Были и другие причины, почему Михаил Золотинский не пытался сойтись с Димкой Ерофеевым, как, впрочем, и с кем бы то ни было из других жильцов квартиры-коммуны, исключая Мару. Более того, с некоторых пор он вообще стал избегать не только шумные сборища, — даже три человека для него было много, — но и всякого другого человеческого общения: он чувствовал себя среди людей подавленно, часто замечая, что они, люди, не ставят его ни в грош (а как высоко ценили его в Валуевичах!), что их не интересуют ни его мнение, ни его мысли, ни его индивидуальность. Но он не знал и не умел дать им понять, что он совсем не тот, кем кажется с внешней, так сказать, стороны. А если исходить из отношения к нему окружающих его людей, то задуманное и вынашиваемое им дело исправления этих людей и наставления их на путь истины отодвигалось на неопределенное время. Слишком неопределенное. И это ужасно Михаила угнетало — с одной стороны, и поддерживало его решительность идти до конца — с другой.
Впрочем, он и раньше смотрел на людей отстраненно, как на существ, пригодных лишь для того, чтобы ими распоряжались так называемые исторические избранники, к каковым себя относил все с большей уверенностью. Но раньше ему не нужно было оценивать их взгляды и поступки в политдонесениях, как это приходилось делать сегодня. Совсем другое дело — поэма. В ней он давал волю фантазии, домысливая случайно услышанную фразу или даже слово, напитывая поэму живой кровью фактов.

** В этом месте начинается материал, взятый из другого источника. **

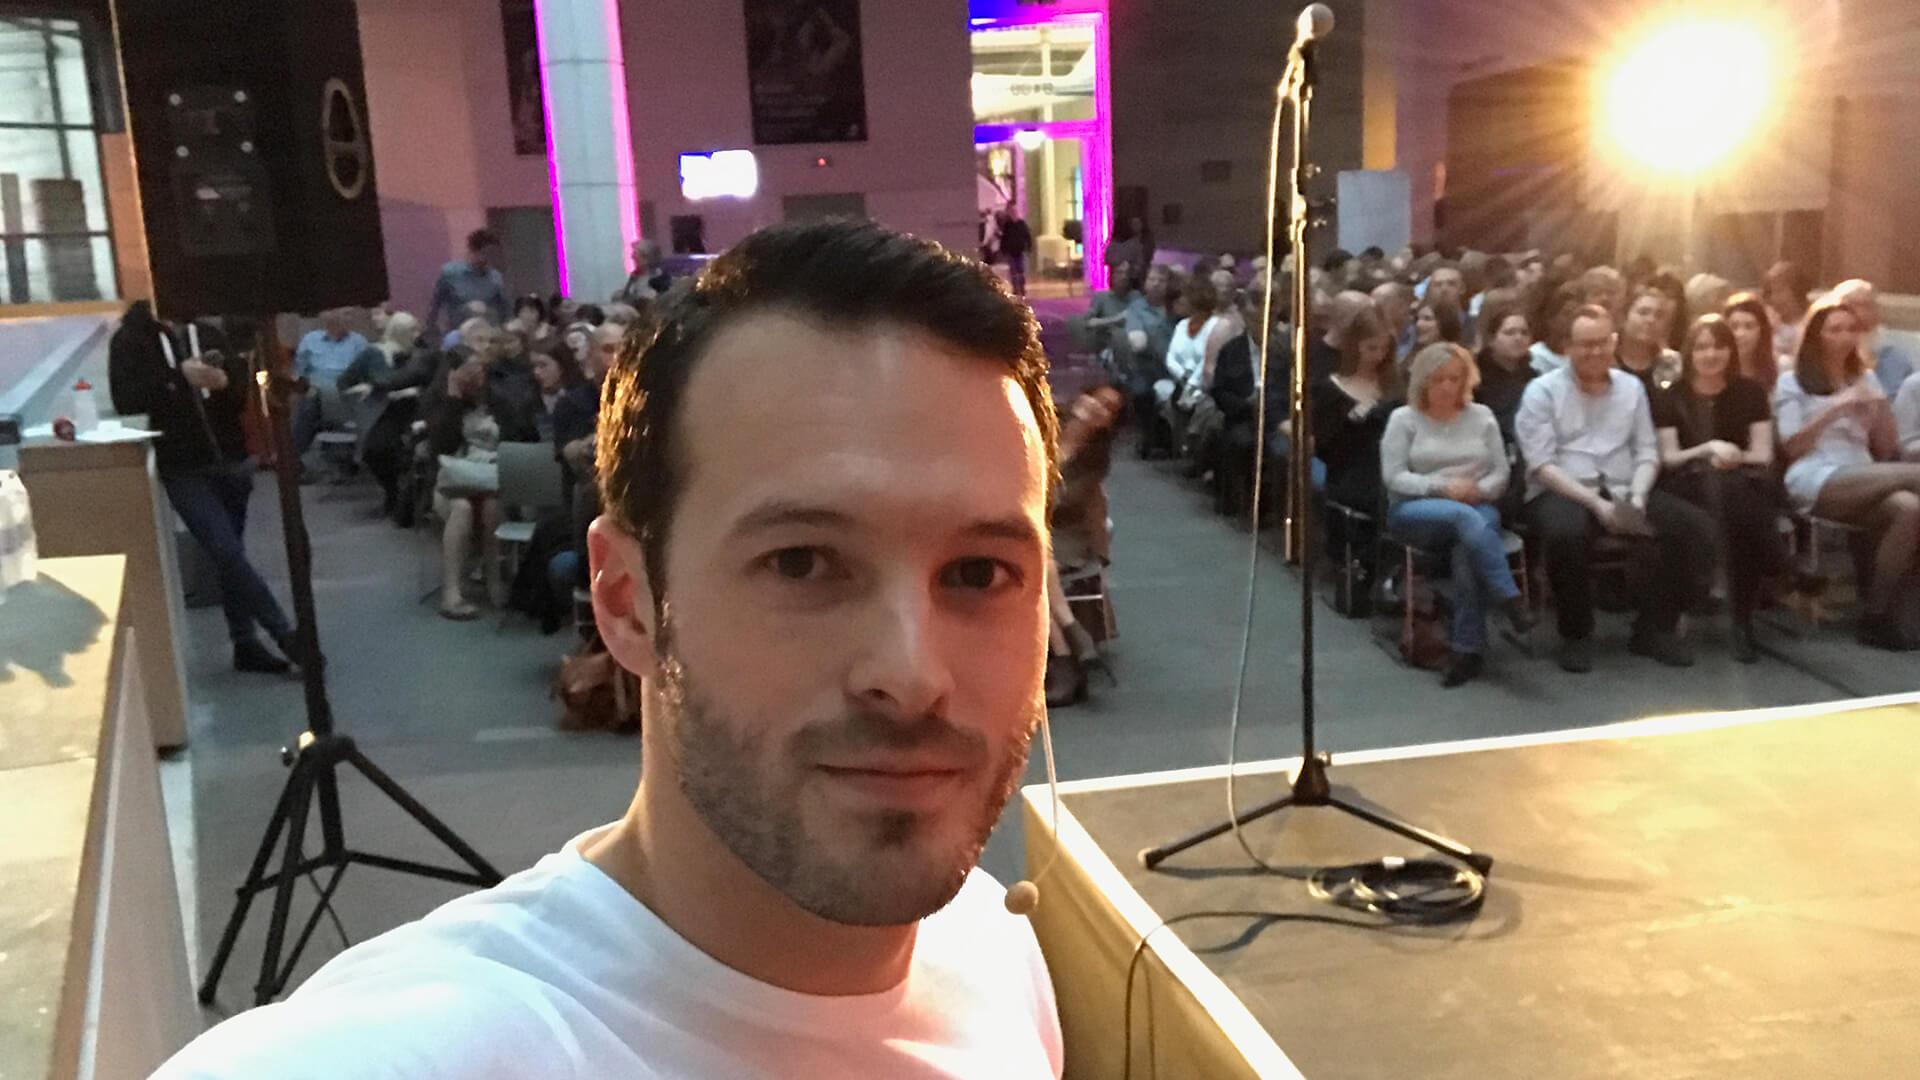 Guest stage entertainment selfie

Брюзжит советский обыватель,
Сквозь страх, с оглядкой, но брюзжит,
О прошлом он уж не вздыхатель,
А перед будущим дрожит.
Теперь сама поэма становилась как бы сводом поступков и оценок, которые можно использовать в политдонесениях.
Лишь Мара оставалась для Михаила тоненькой ниточкой, еще связывающей его с людьми, лишь она одна могла бы понять и почувствовать в нем человека, собственная воля которого все теснее переплетается с мировой волей.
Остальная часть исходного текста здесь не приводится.